Together Moen, Neill, and Best created a proposal outlining their ideas and submitted it to the Institute of Museum and Library Services (IMLS) National Leadership Grant Program. (The IMLS supports the nation’s 122,000 libraries and 17,500 museums on a national level.) The proposal, entitled High-Throughput Workflow for Computer-Assisted Human Parsing of Biological Specimen Label Data, outlined their plan to do the following: find and test appropriate processes to transfer specimen label data, identify what steps people and computers can take to correct the digitally-transferred data, develop processes to increase the effectiveness of both approaches, and determine the quality of the metadata created by the human and machine cooperation. The project was awarded a 2-year grant of $738,075 from IMLS and got under way in December 2008.

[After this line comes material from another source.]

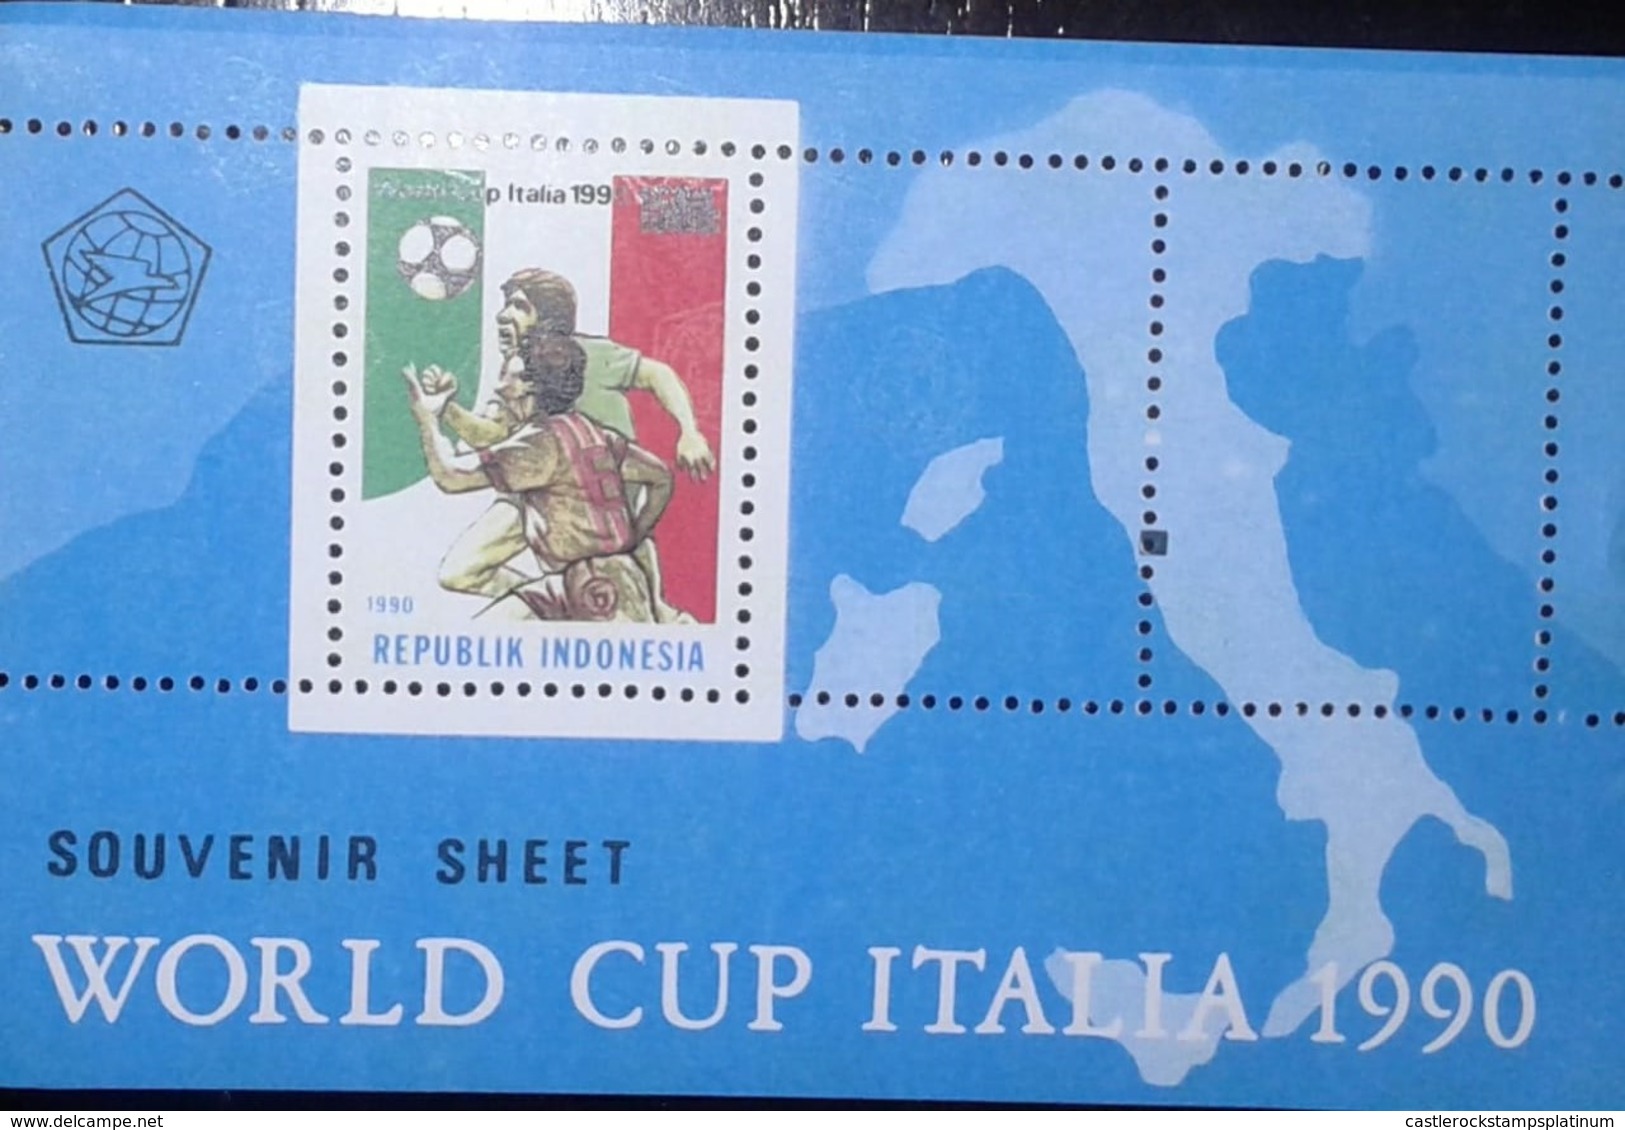 O) 1990 INDONESIA, WORLD CUP SOCCER CHAMPION SHIP ITALY 1990 - SCT 1435, MNH - Indonesia

BRIT and TxCDK’s research project, now called Apiary as a gesture to the collaborative efforts many bees contribute to a hive, will yield a new workflow model for effective and efficient label data transformation, correction, and enhancement that can be replicated, adapted, and transferred to other herbaria and natural history collections.  The project includes support for 4 UNT graduate research assistants who will work with the principal investigators and programmers on the problem. The progress and results of the Apiary project will be made available on its website: http://www.apiaryproject.org/.

IMLS is known for funding projects that have a strong likelihood of developing models, solutions, and approaches adoptable by others. BRIT and TxCDK will share the solutions they develop: “When we complete the research project, we will make our final, optimized system available for others to use or improve upon,” said Best.

More information about BRIT and TxCDK is available at their websites: www.brit.org and www.txcdk.org.

—Kelly Saxton Lindner


References

1. Botanical Research Institute of Texas and University of North Texas receive $738,075 National Leadership Grant to investigate digitization of herbarium collections [press release]. Fort Worth, TX: Botanical Research Institute of Texas. December 3, 2008.